[med-svn] [snpeff] 04/09: Source is actually at Github, we need to strip several files (probably more); Vcs will be moved to Git

Andreas Tille tille at debian.org
Tue Jan 3 09:52:18 UTC 2017


This is an automated email from the git hooks/post-receive script.

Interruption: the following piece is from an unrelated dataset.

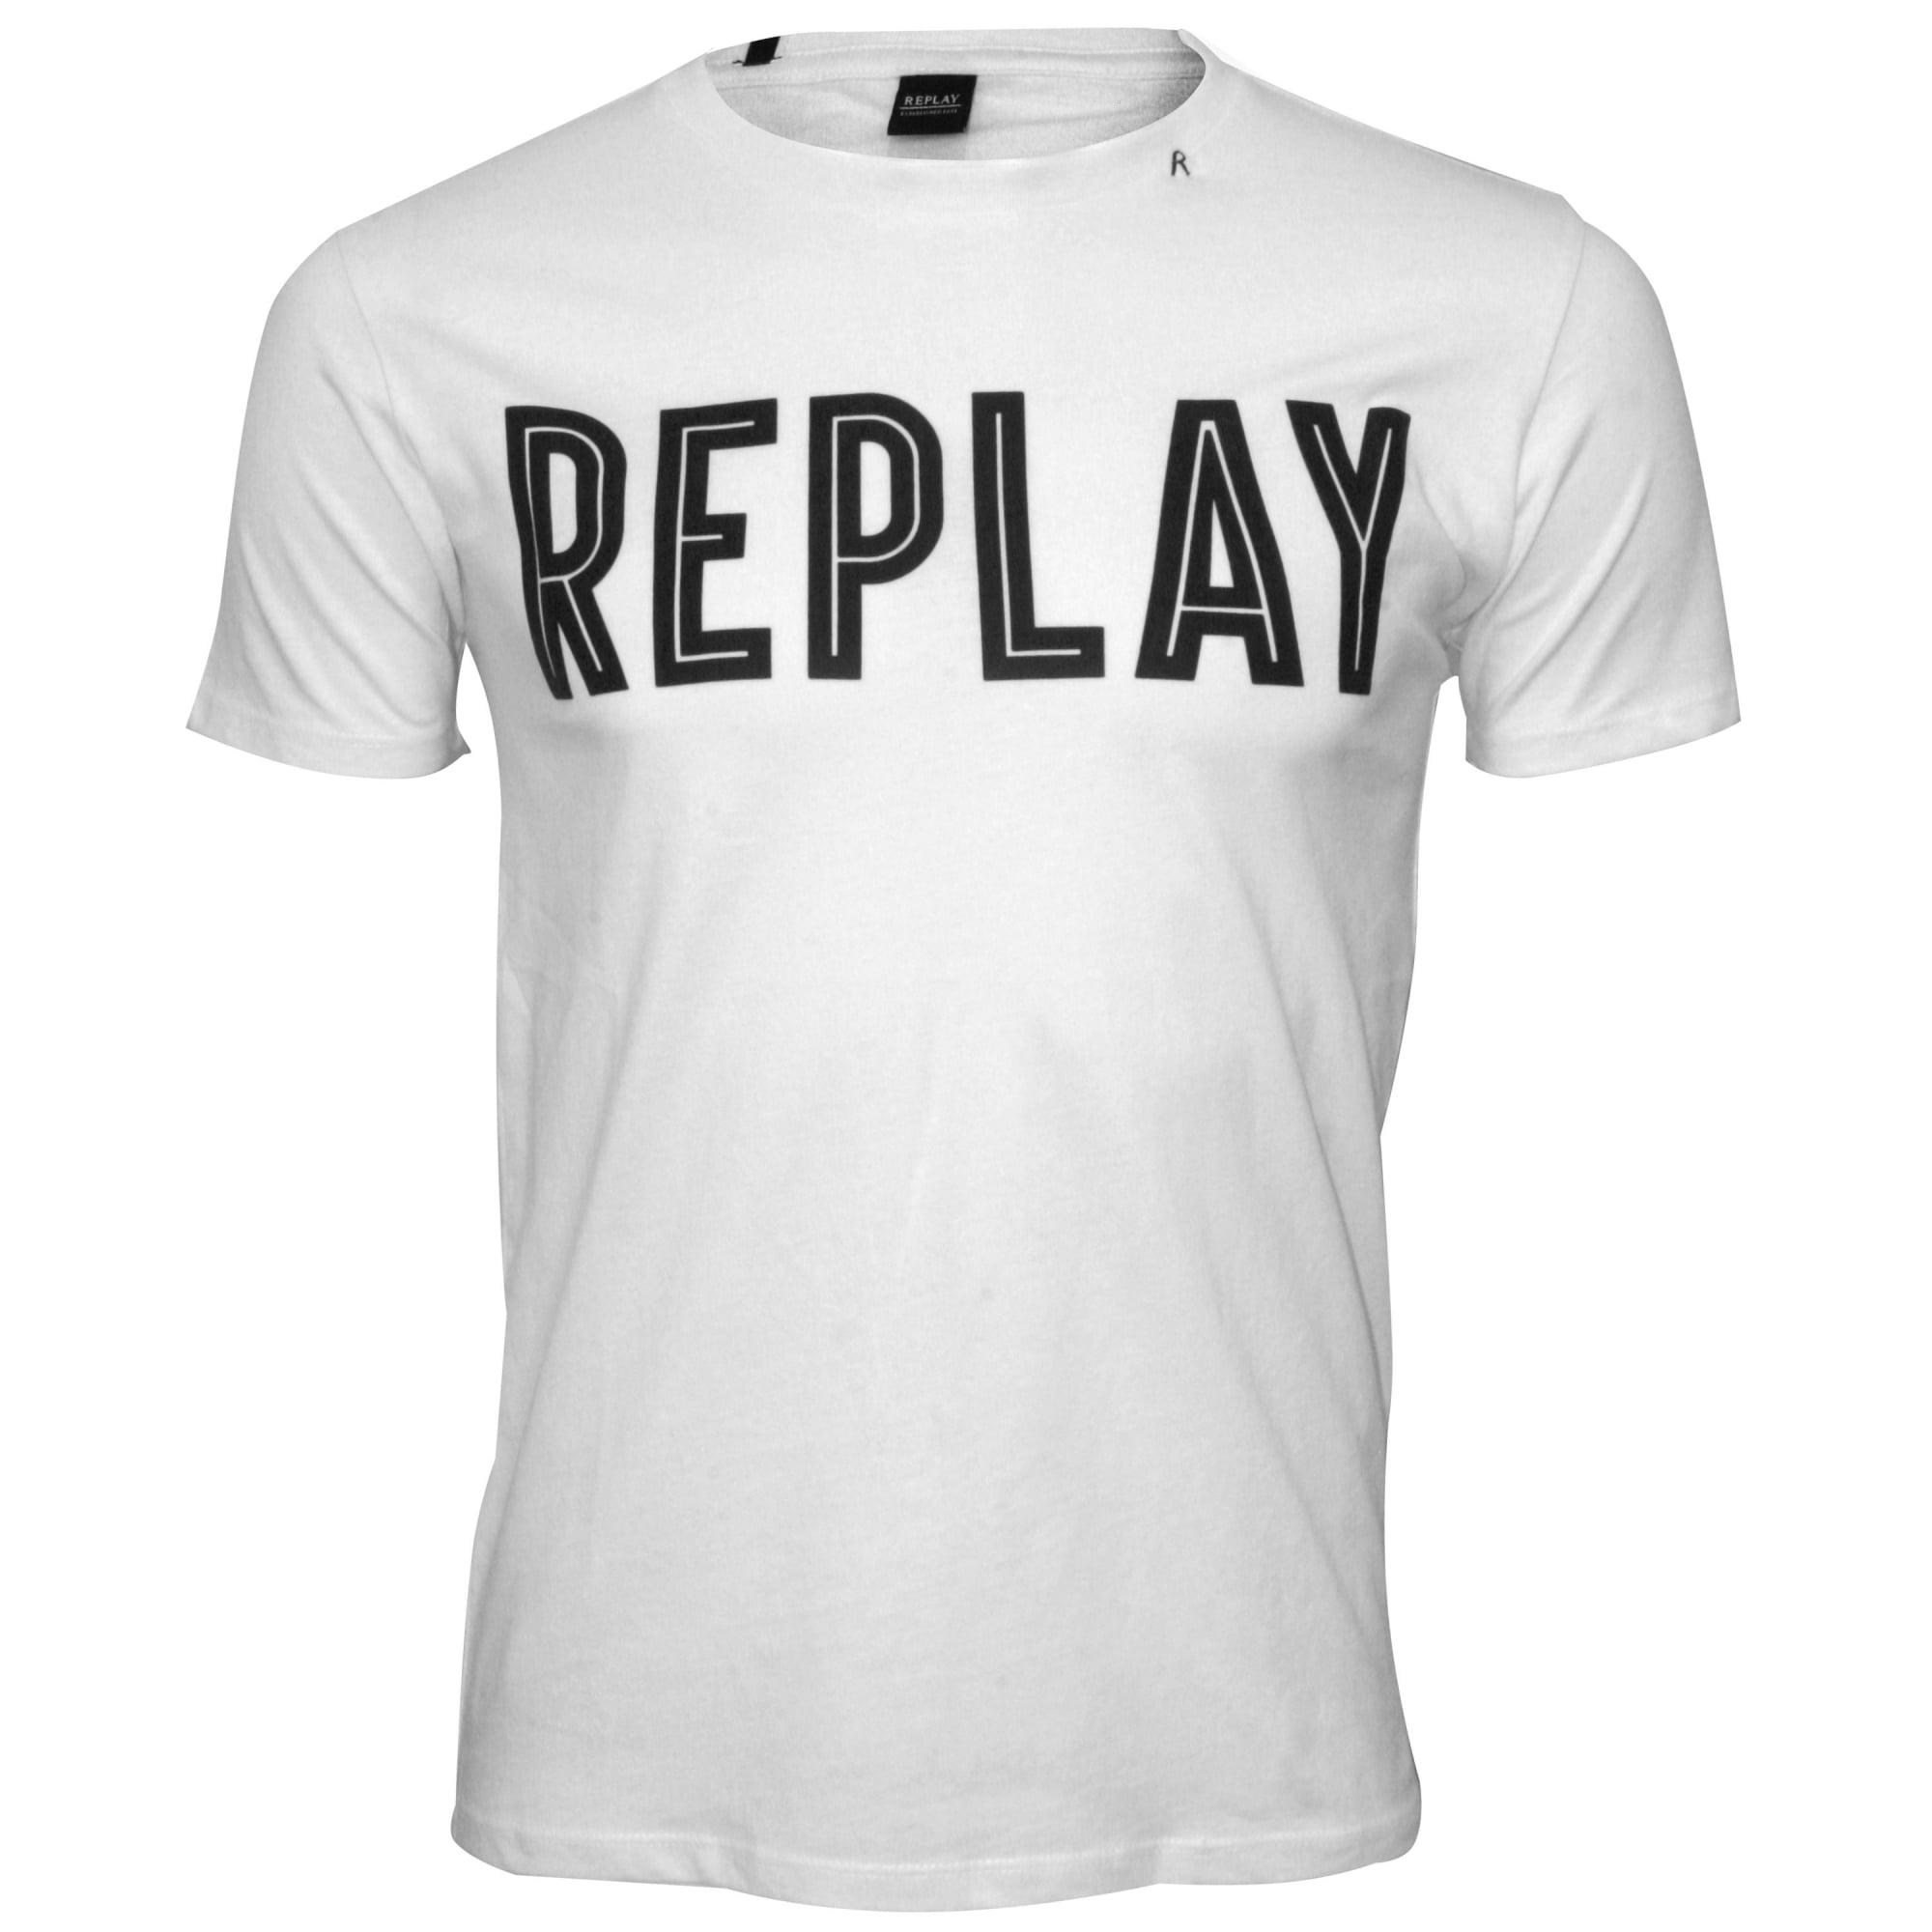 REPLAY brand new t-shirt  sz.L

tille pushed a commit to branch master
in repository snpeff.

commit eeca57f724a07cdda2ac108974503cef211d88d7
Author: Andreas Tille <tille at debian.org>
Date:   Mon Jun 20 19:48:09 2016 +0000

    Source is actually at Github, we need to strip several files (probably more); Vcs will be moved to Git
---
 debian/changelog |  2 +-
 debian/control   | 15 ++++++++-------
 debian/copyright | 10 ++++++++--
 debian/watch     |  8 ++++++--
 4 files changed, 23 insertions(+), 12 deletions(-)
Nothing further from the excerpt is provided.